Saturday, October 23, 2004

The Dying Game

I saw an incredible statistic on the blurb of one of the books we received at the Library this week.
HIV and AIDS in Africa : beyond epidemiology / edited by Ezekiel Kalipeni ... [et al.].. Malden, Mass., Oxford : Blackwell Pub., 2004
- It's blurb contains the following:
AIDS is devastating many areas of sub-Saharan Africa. Over twelve million people in the region have died of AIDS in the past decade. Over 29. 4 million people in the region are infected with HIV. Of the eleven people who contract HIV each minute in the world, ten live in sub-Saharan Africa. With no known cure and no vaccine as yet available, an estimated 60 per cent of Africans under the age of eighteen today will be dead of AIDS before they reach 45 years of age.
Let me repeat that: "an estimated 60 per cent of Africans under the age of eighteen today will be dead of AIDS before they reach 45 years of age"

Now, I don't know how you make that sort of prediction, but it is horrifying. Horrifying.
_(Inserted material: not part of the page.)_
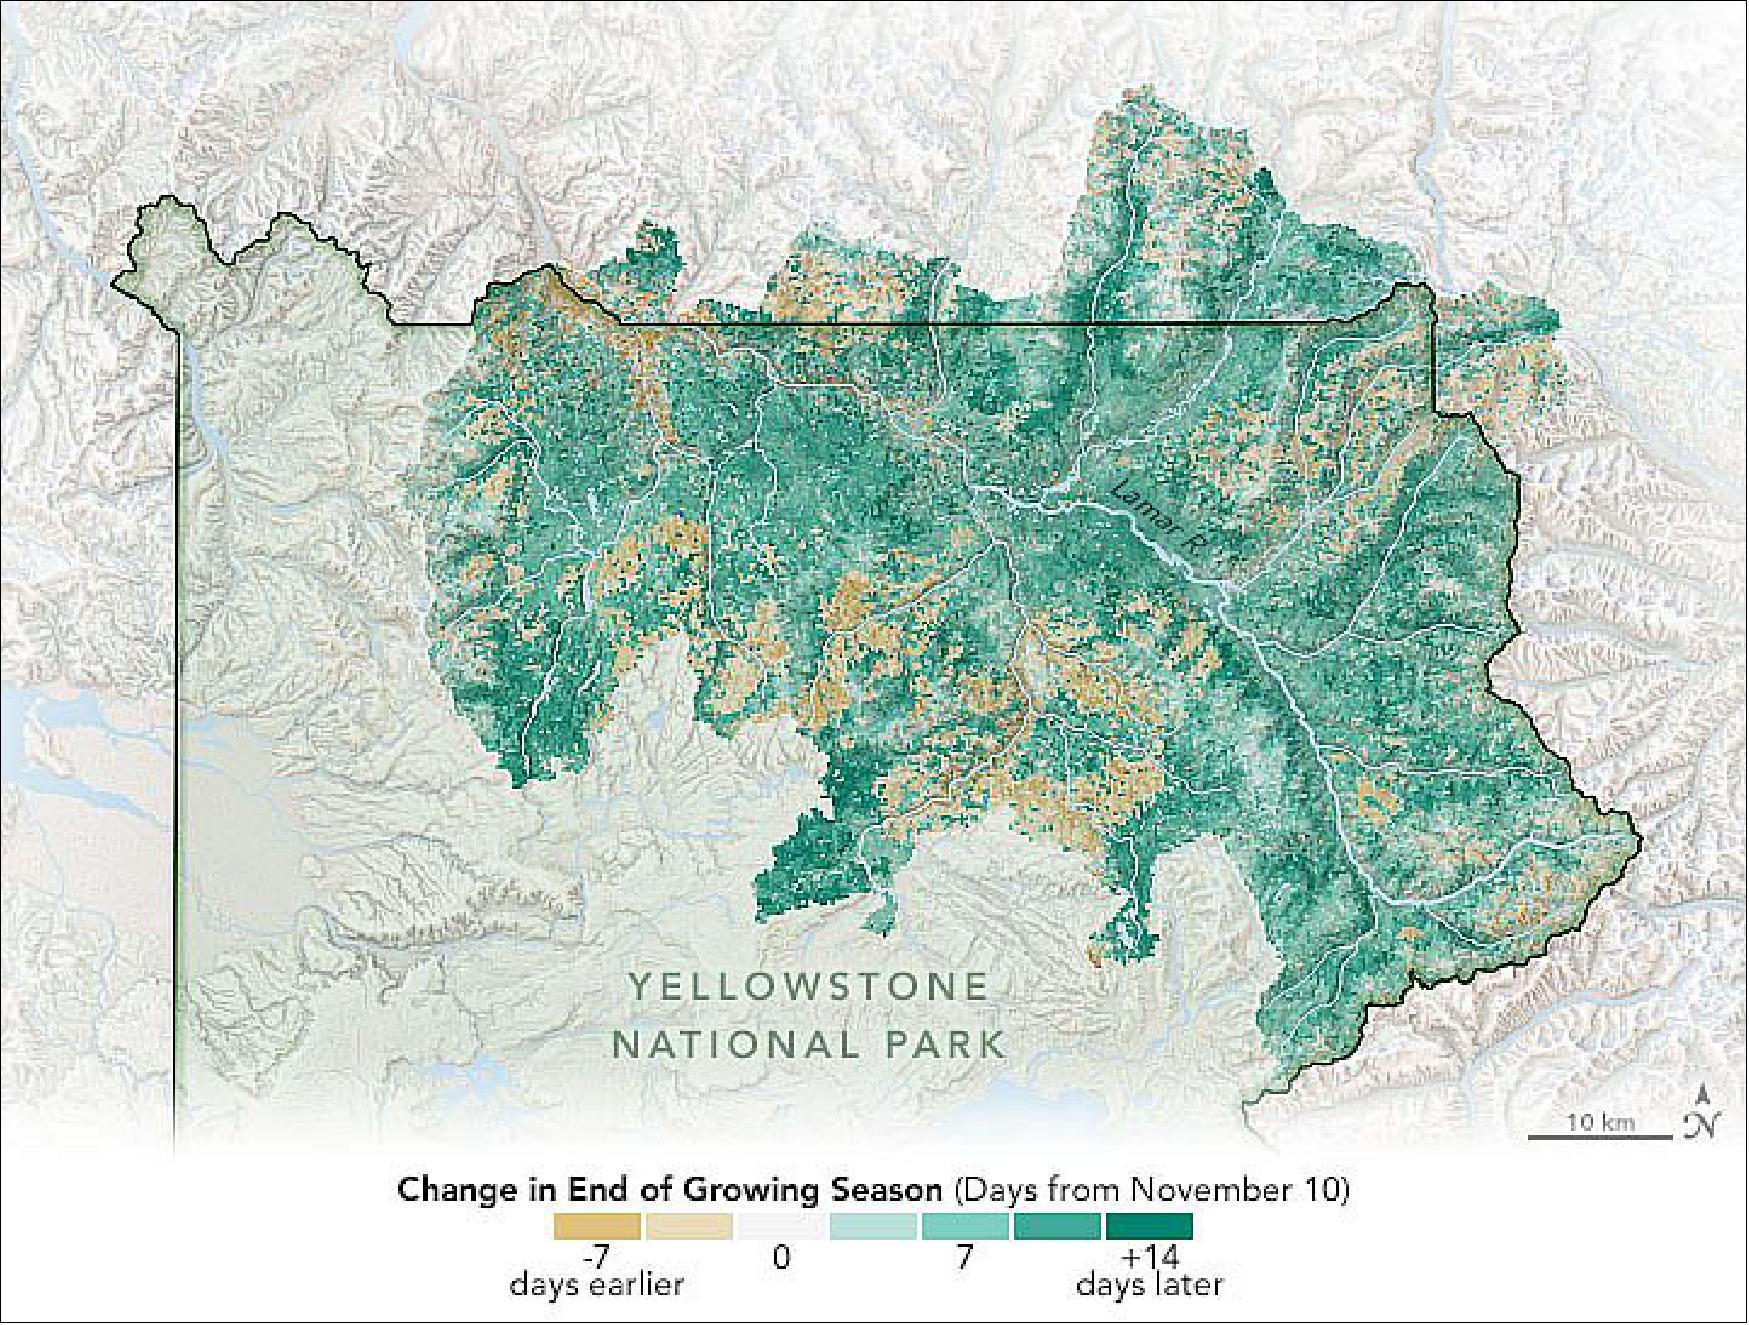 Figure 88: A new study has found a link between the effects of climate change, the productivity of grasslands, and the proliferation of bison in Yellowstone National Park. The map depicts one aspect of that change: how the end of the growing season fluctuated around Yellowstone National Park between 2001 and 2017. The map is based on measurements of vegetation greenness, the NDVI (Normalized Difference Vegetation Index), as observed by the Moderate Resolution Imaging Spectroradiometer (MODIS) instruments on Aqua and Terra (image credit: NASA Earth Observatory image by Joshua Stevens, using data from Potter, C. (2020). Story by Abby Tabor, NASA Ames Research Center, and Mike Carlowicz)

Because diseases like that are devasting a continent, making it impossible to build up the sorts of systems and structures development truly requires. Of course, the disease itself is feeding on ignorance and poverty. Just for the records, life expectancy is not generally that hot in sub-saharan africa.

I know we all heed the horror of a single human being brutalised and possibly murdered but tehre are millions, millions being horribly tortured to slow and ugly deaths across teh globe. Saddam wasn't half the monster capitalism really is.